Note how $\Sigma_1$ is equivalent to computable enumerability; being both $\Sigma_1$ and $\Pi_1$ is equivalent to computability (do you see why?). Essentially, $\exists$ corresponds to the operation of a computer, and $\forall$ corresponds to the operation of an Oracle -- so $\Sigma_{n+1}$ is equivalent to problems that are computably enumerable by a Turing machine with access to an Oracle for $\varnothing^{(n)}$.

This basic connection between first-order arithmetic and Turing degrees is known as Post's theorem.


Tarski: truth, interpretation and language

[This should not take so long to explain, but I chose this section to actually start getting formal, and to start specifying to actual formal systems.]

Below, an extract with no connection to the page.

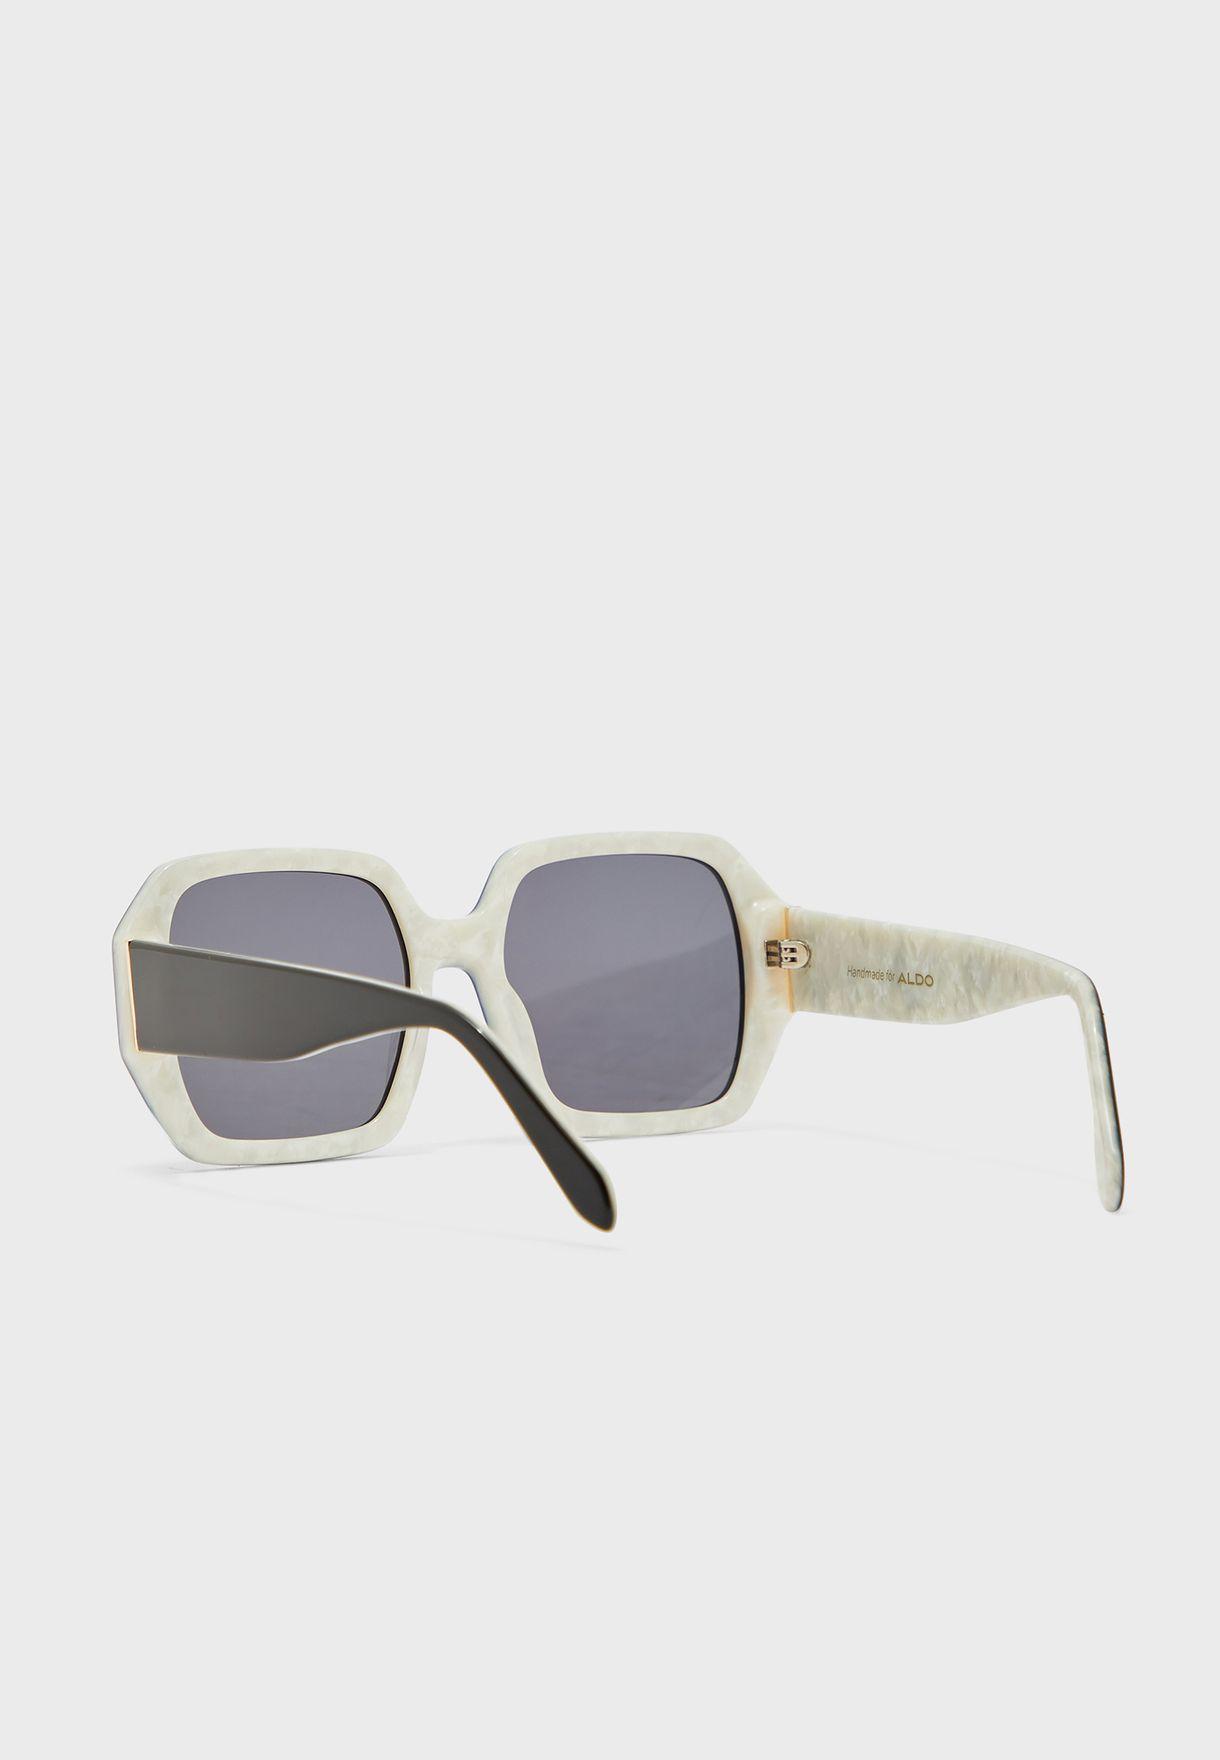 نظارة شمسية كبيرة بأذرع عريضة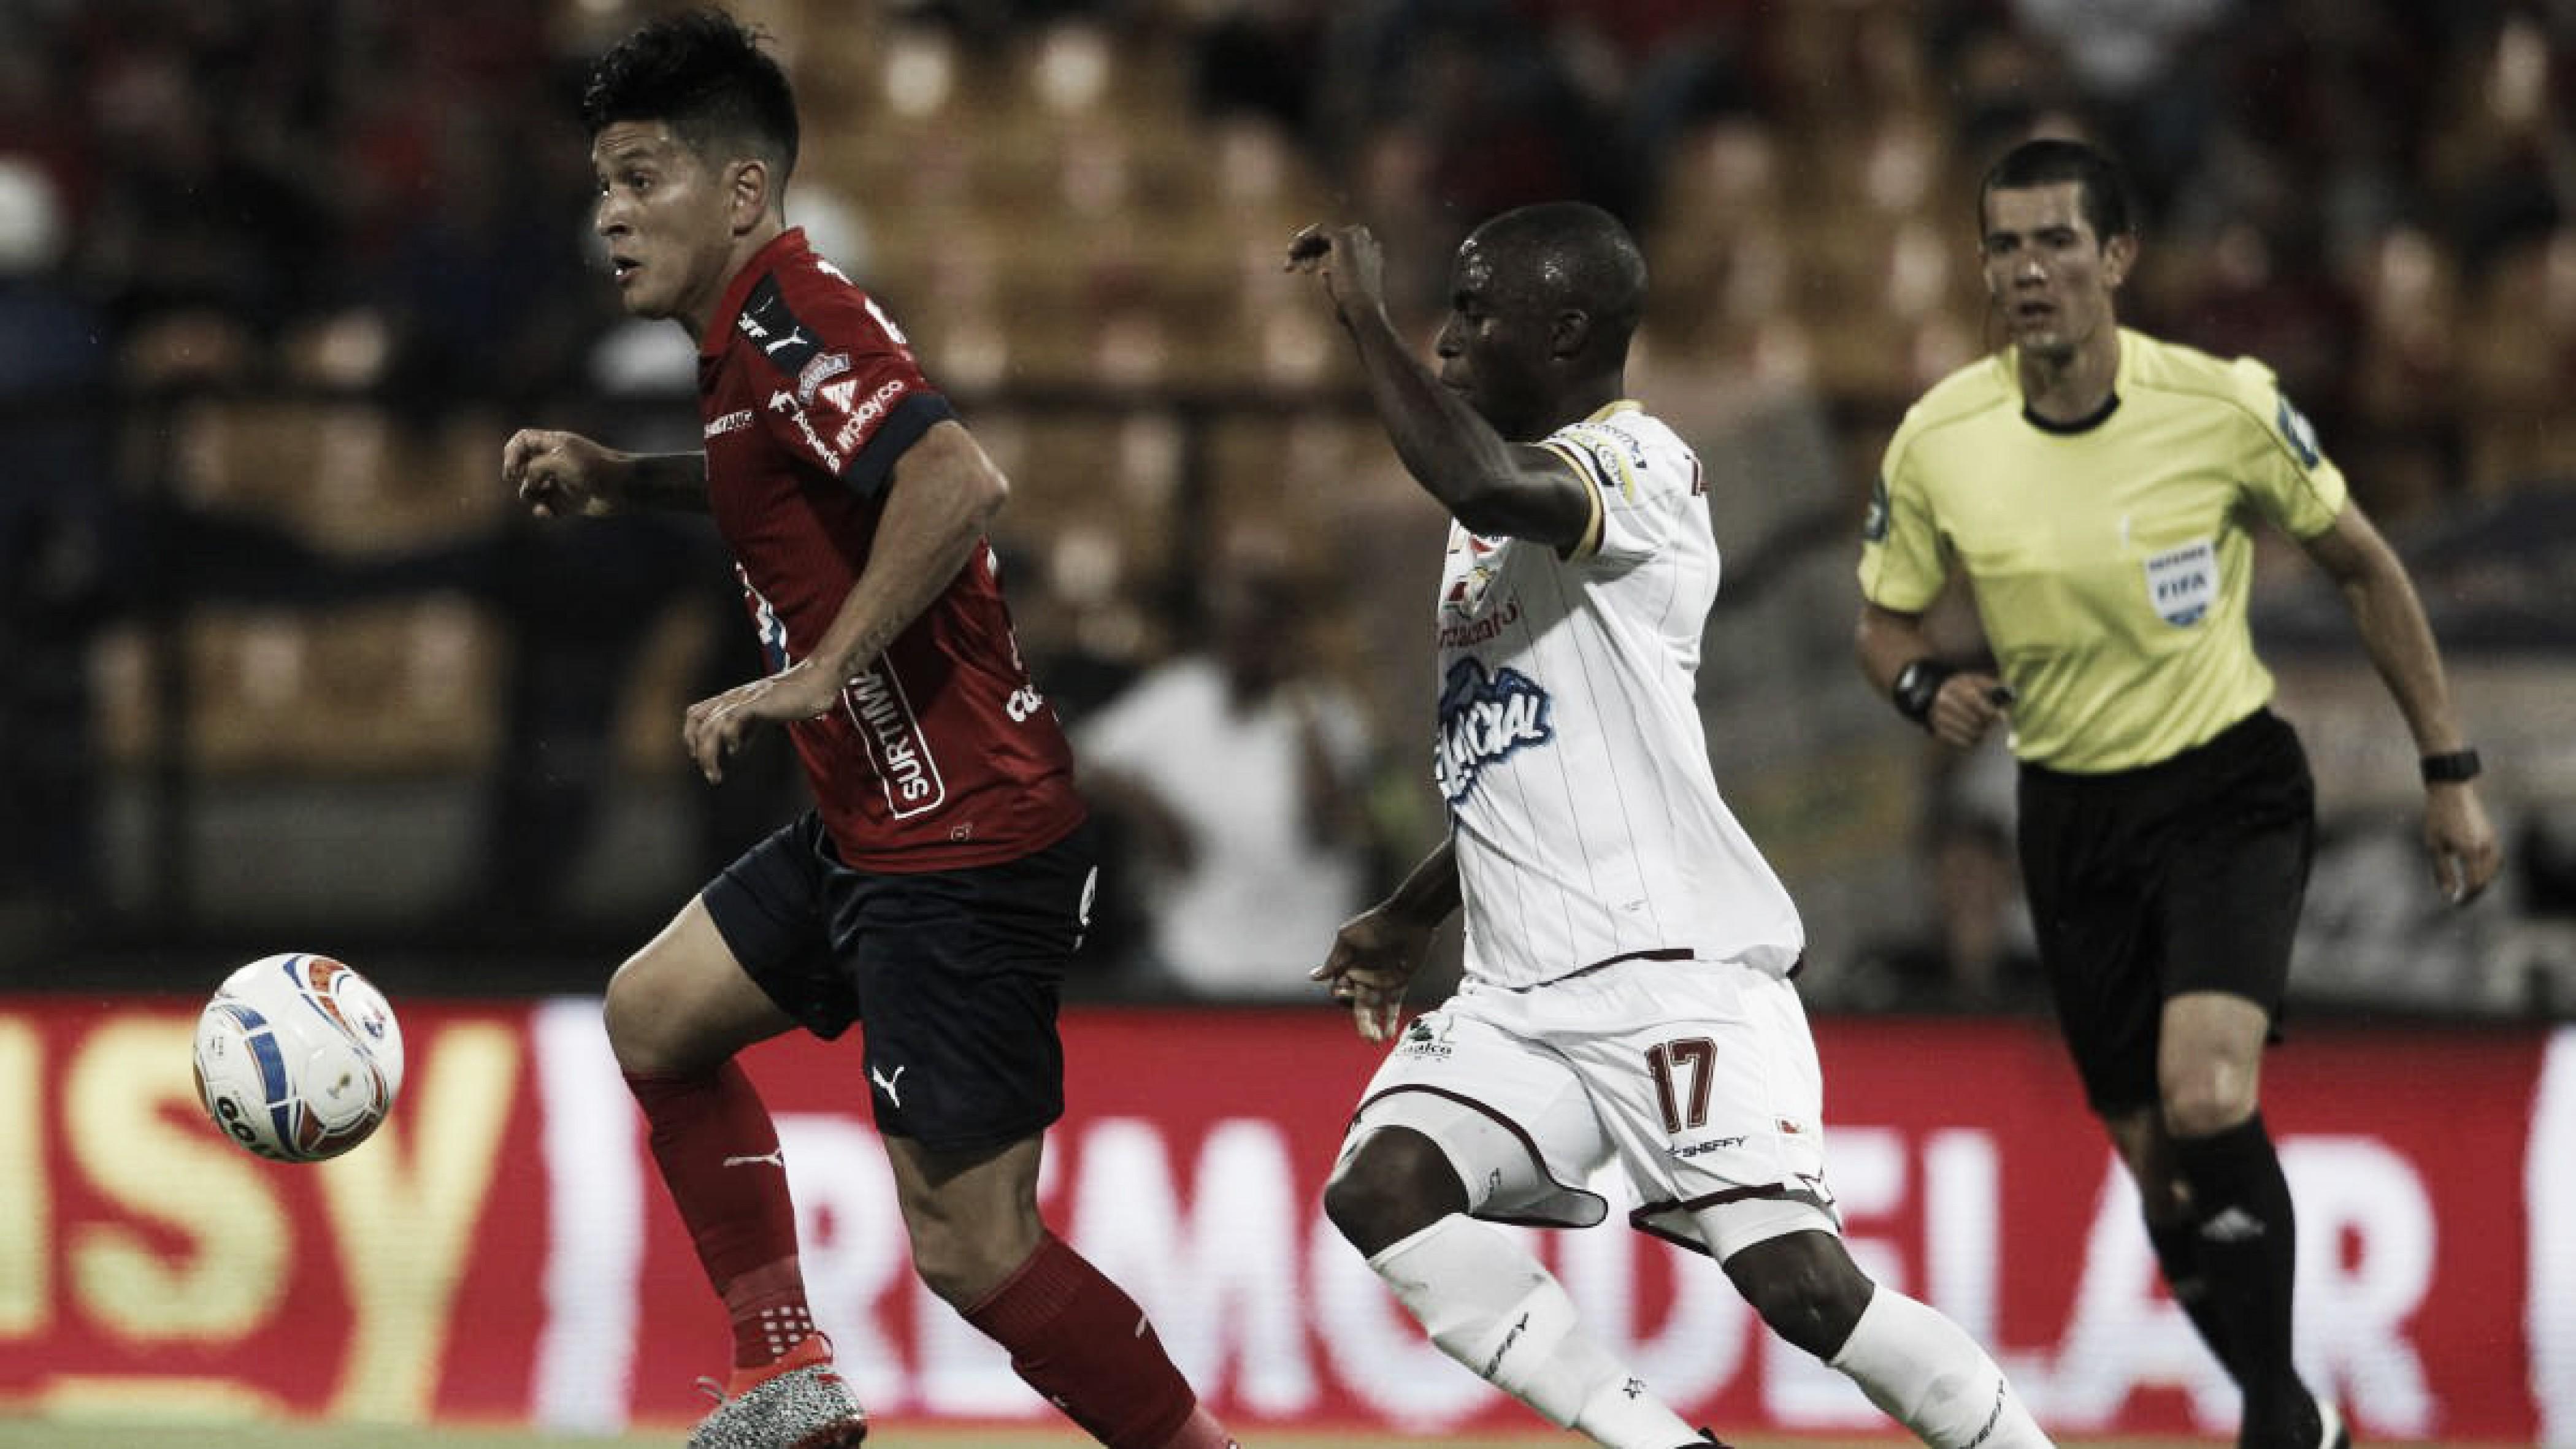 Convocados en el Independiente Medellín para enfrentar a Deportes Tolima

You know how we can define really big numbers with very few letters, like with Knuth's uparrow notation? You might wonder what the largest number is that you can express with only, say, 1000 characters.

Oh, wait -- but whatever that number might be, I can express a larger number, also with less than 1000 characters, by writing: "The largest number you can express with 1000 characters, plus one".

This is Berry's paradox, by the way.

Let's think about it more formally. What we have is a map $f$ that assigns for each short formula some number -- then what does the string "max f + 1" represent?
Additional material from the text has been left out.